For Melucci, the word ‘identity’ alludes to a sense of permanence which does not suit the processual analysis that he is arguing for. He nonetheless uses the term for lack of a better one, noting that ‘it represents by definition a temporary solution to a conceptual problem, and should be replaced if and when other concepts prove themselves more adequate’ (1996, p. 70).

It is worth noting here that all interviewees were anonymized apart from Stuart Hodkinson, the creator of the democratisESF list.

Social forum politics have always been characterized by a tension between the culture of horizontal networking and the command-driven logics typifying the more traditional components of the Left. However, the London ESF organizing process was the first time this conflict became so explicit that the two opposing camps were named after the modes of organizing each one was supposedly pursuing (Nunes Citation2005, p. 298). According to many of my interviewees, the intensity of the clash can be partly attributed to the particularities of the British Left and its distinctive balance of forces, characterized by the powerful position of the SWP. One of the main lines of demarcation between the two camps referred to their different perceptions of the goals and purpose of the ESF. While the ‘Horizontals’ argued that the organizing of the forum should embody the participatory beliefs of the movement, the ‘Verticals’ insisted on the primacy of ‘strategic goals’, viewing the ESF as an event that, if successful, could lead to the emergence of a ‘mass movement’. The clash also derived from two opposing understandings of democracy, with the ‘Horizontals’ stressing the value of direct participation, while the ‘Verticals’ were more appreciative of representative structures.

In the results that follow, the total number of authors and the estimates of author overlap and message flows were calculated based on the total number of messages posted on each list. The remainder of the results refers to the 10 per cent random sample.

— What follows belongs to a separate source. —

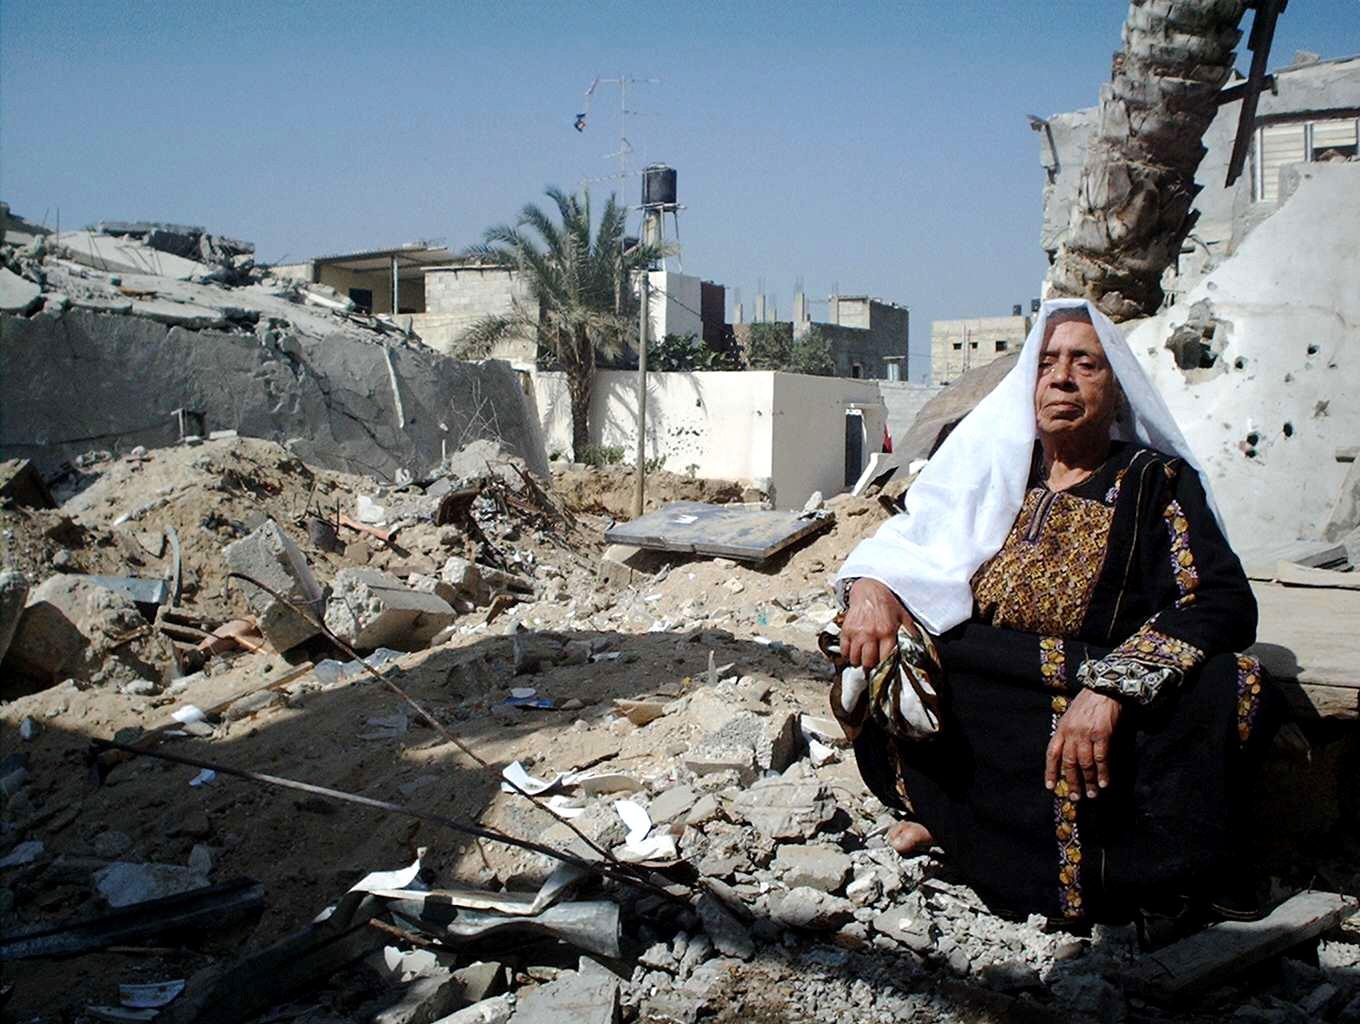 L'Angolo della poesia. “Il quadro della vita”... sulla Striscia di Gaza

For 1 per cent of messages the language was not clear (this includes one empty message).

I estimated the flow of messages based on the subject line of the message. If the subject line included an indication that this message was forwarded to/from another list or was a reply from a message to another list, then it was counted in the flow of messages. For instance, the subject line ‘[esf-uk-info] Fwd: [FSE-ESF] about the European Assembly’ means that this message was initially forwarded to the FSE-ESF list and then sent to the esf-uk-info. Messages posted on two or three lists simultaneously were not counted as they did not move from one list to the other. However, if a subscriber, for instance, forwarded a message from one list to the next but altered the subject line, then obviously the subject line of the message would not indicate that this message was sent to both lists. Therefore, these figures may be actually underestimating the flow of messages between the three lists.

However, a point to note here is that if we take into account the per cents of total number of messages, then these differences seem nearly negligible. Lacking any other similar research, there is some difficulty to interpret these figures with certainty.